# Given information
______
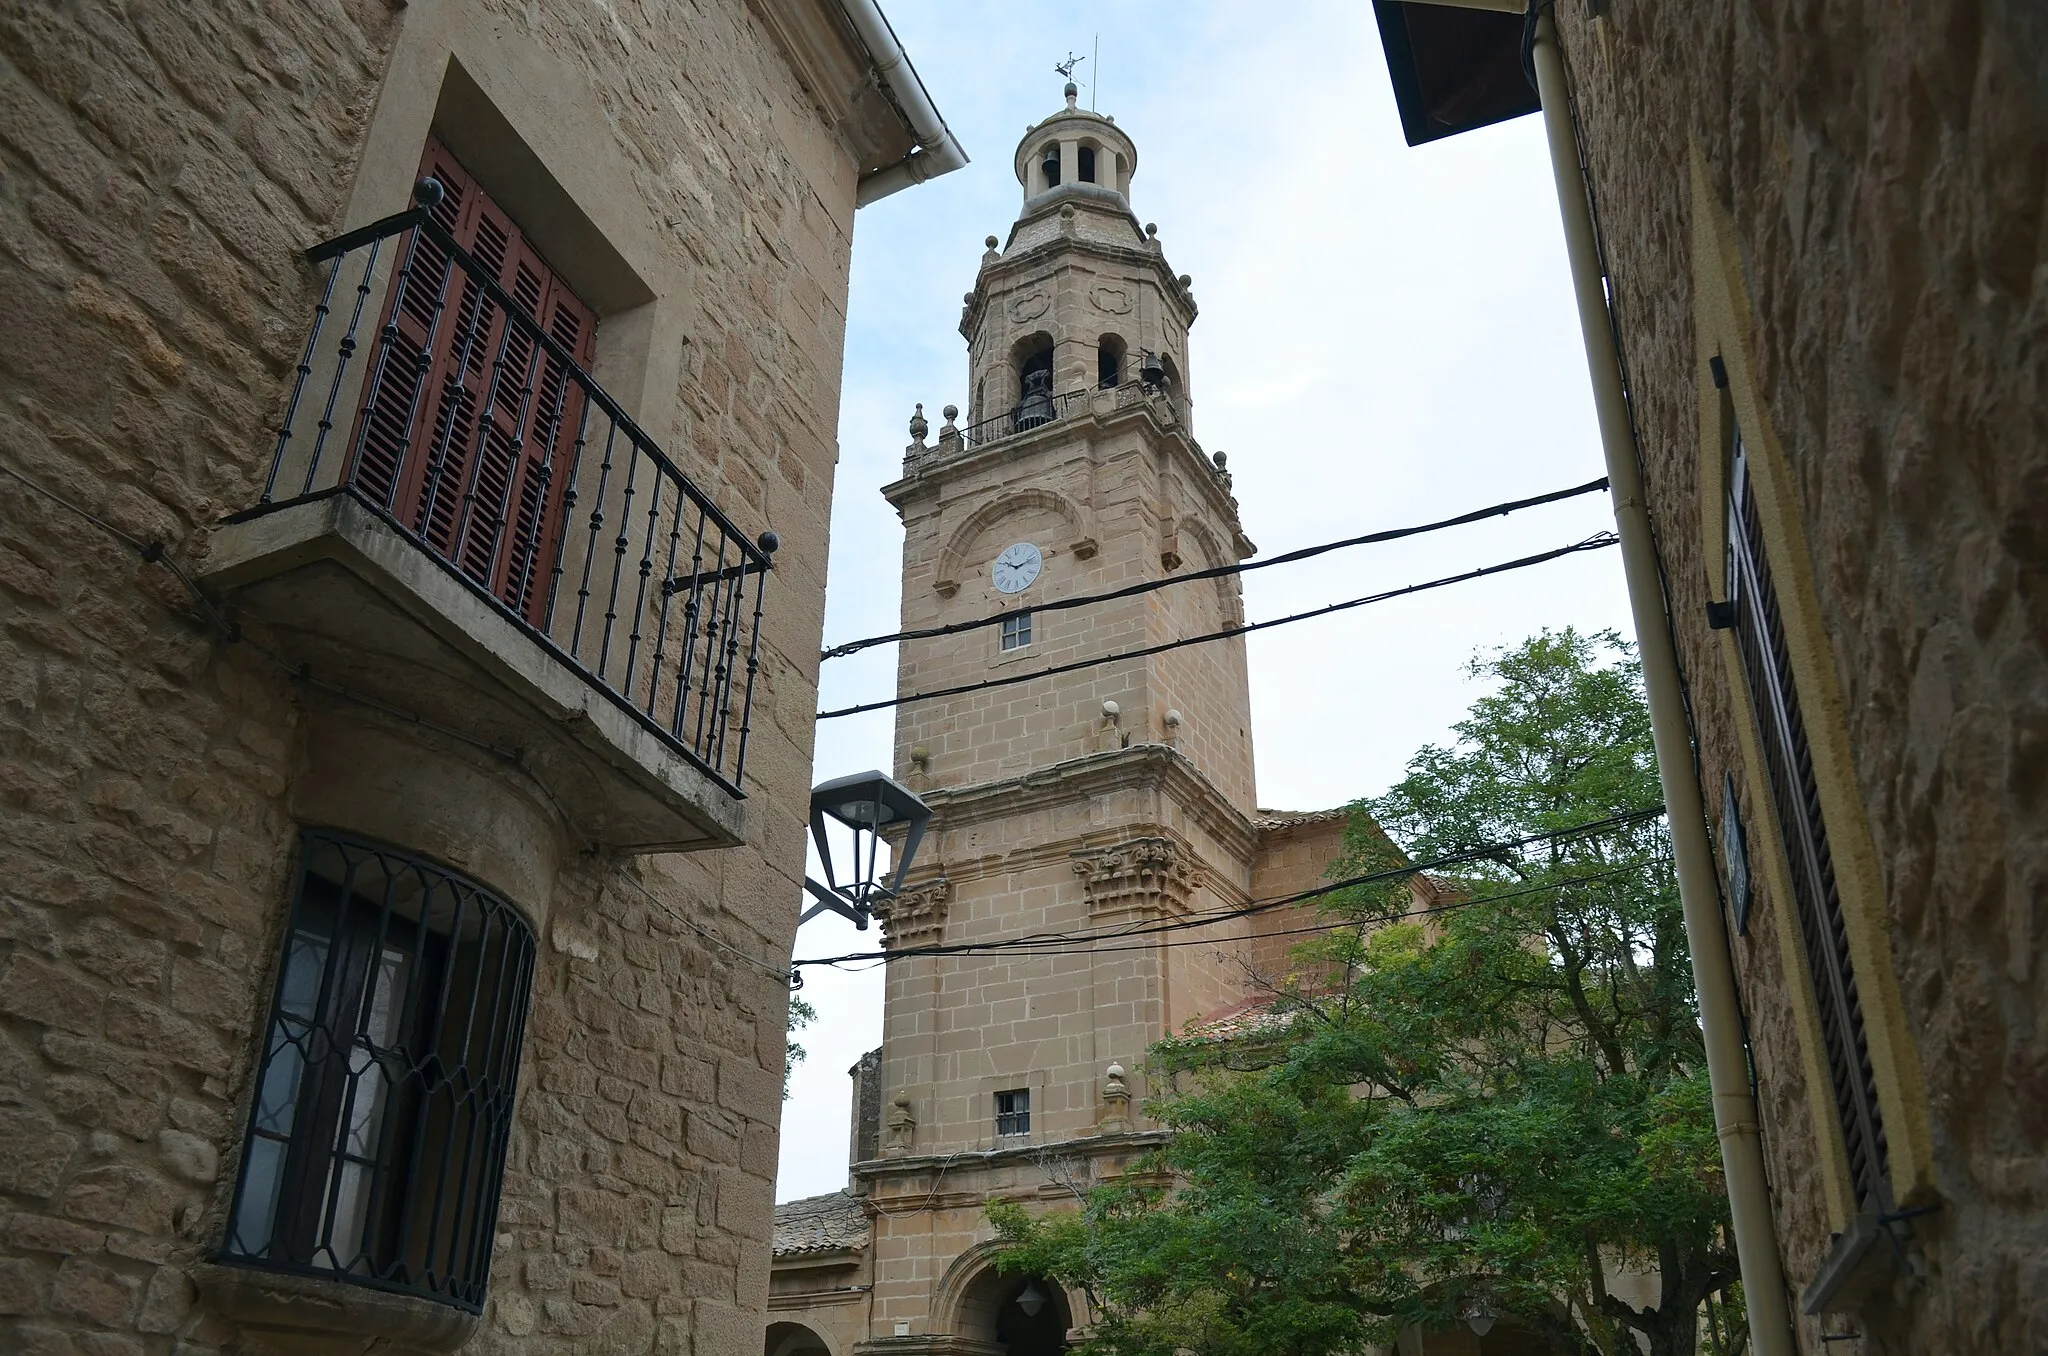 Photo showing: Vista de la torre de la Iglesia de San Cemeterio y San Celedonio, entre dos casas del pueblo con una ventana y balcón
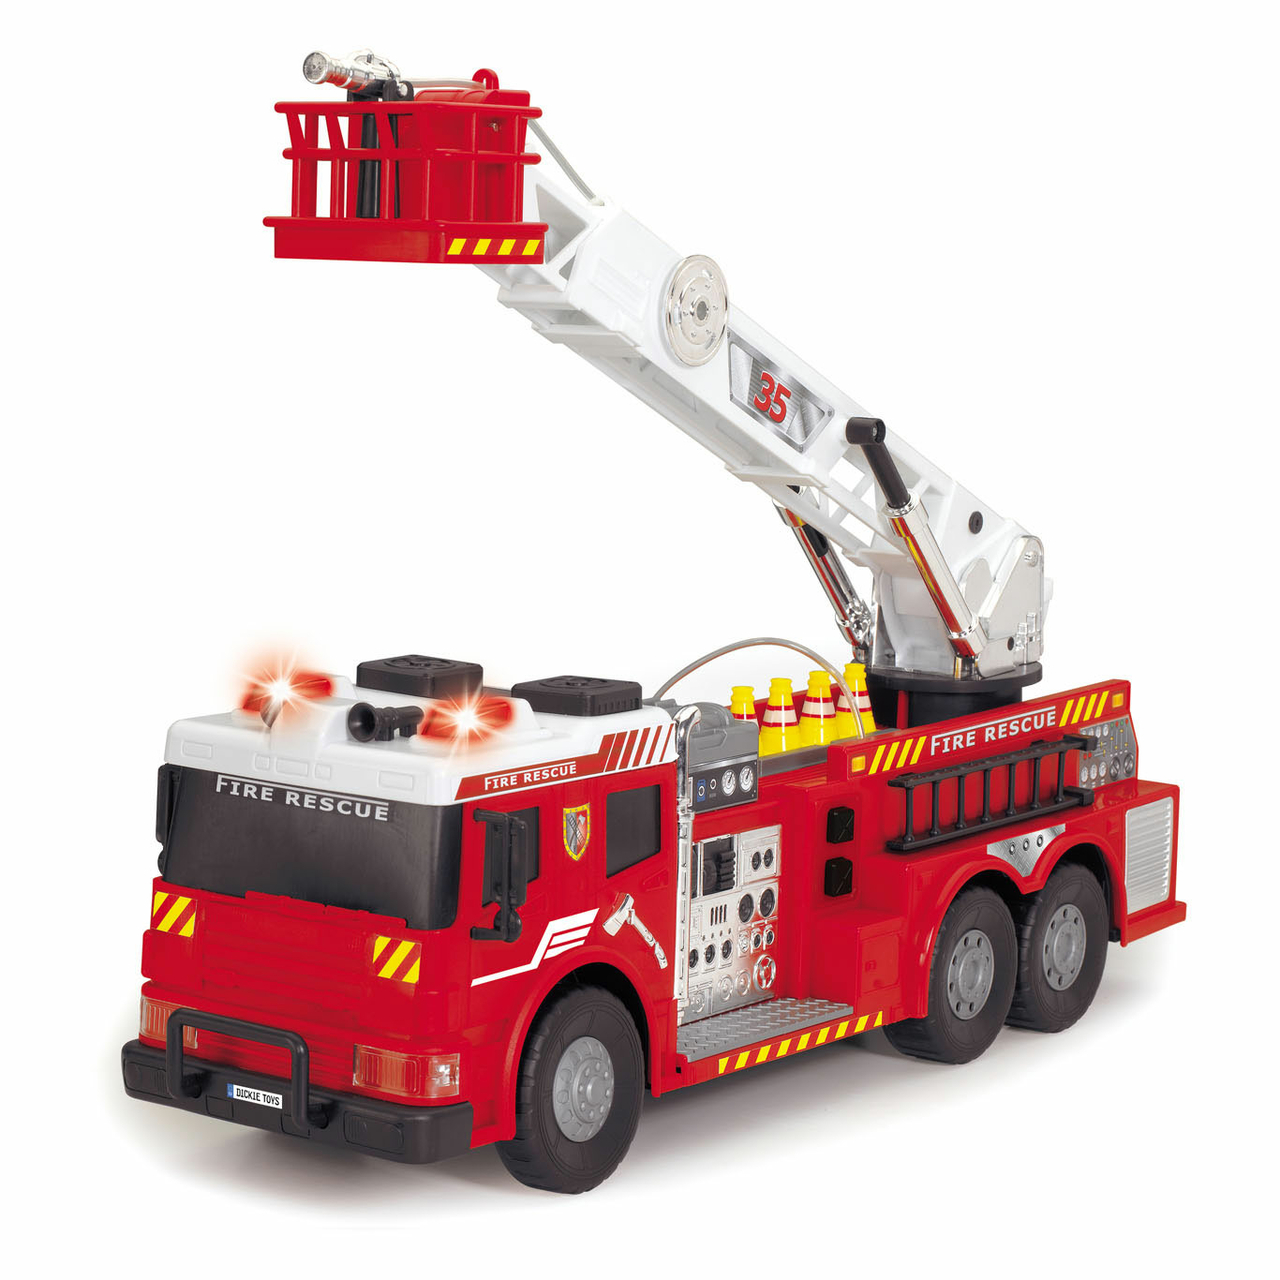 Caroline Onderhoud Rose kleur Dickie RC Brandweerwagen met Ladder en Waterspuit - Het Speelgoedpaleis
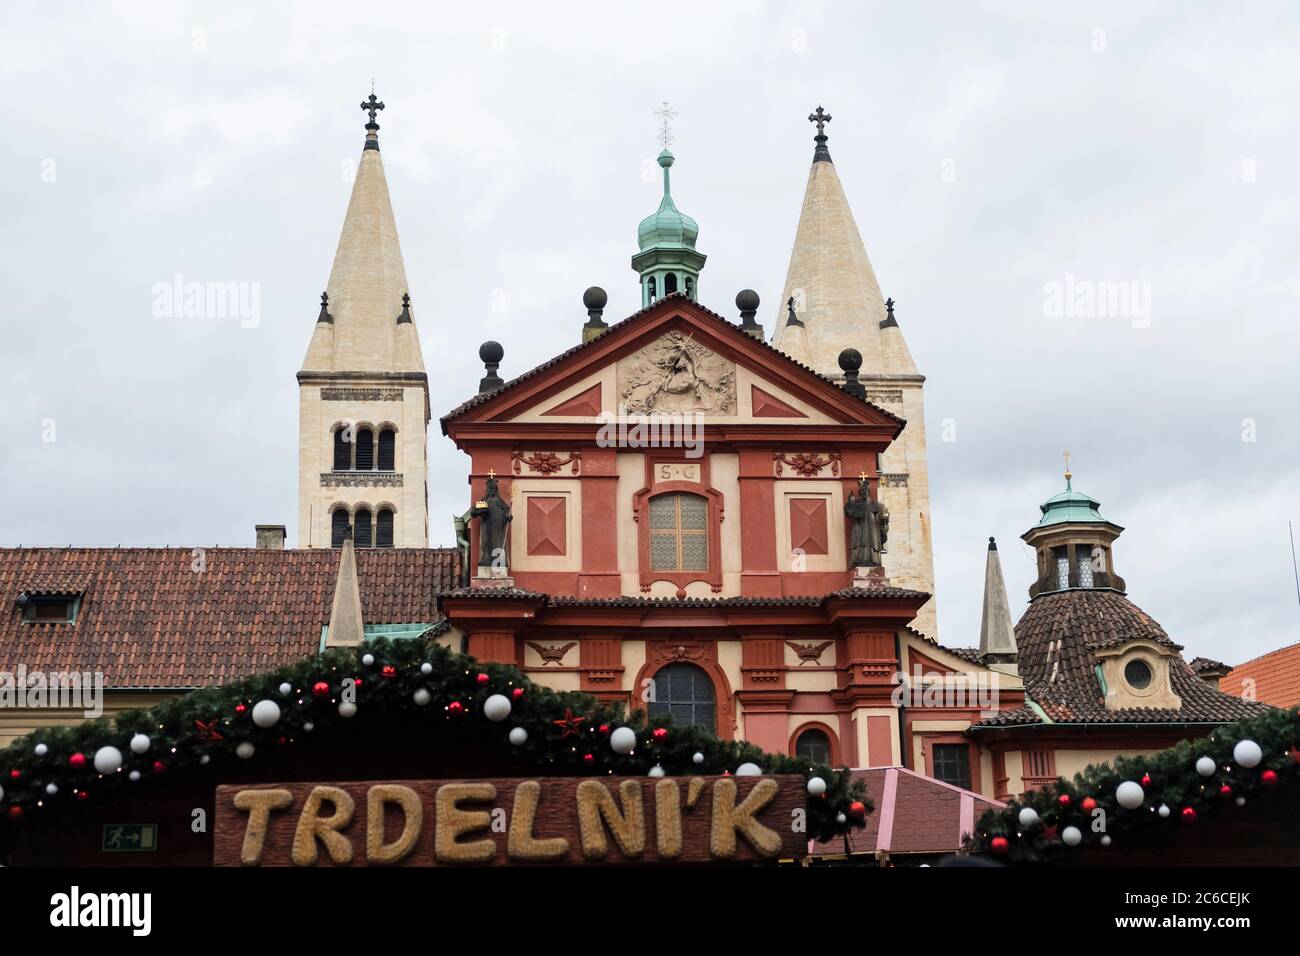 Trdelnik food vendor shop at a Christmas market at Prague Castle Stock Photo
______
# Problem requirements
Print the data above exactly, minus pictures.

# Result for this task
 Photo showing: Vista de la torre de la Iglesia de San Cemeterio y San Celedonio, entre dos casas del pueblo con una ventana y balcón
 Caroline Onderhoud Rose kleur Dickie RC Brandweerwagen met Ladder en Waterspuit - Het Speelgoedpaleis
 Trdelnik food vendor shop at a Christmas market at Prague Castle Stock Photo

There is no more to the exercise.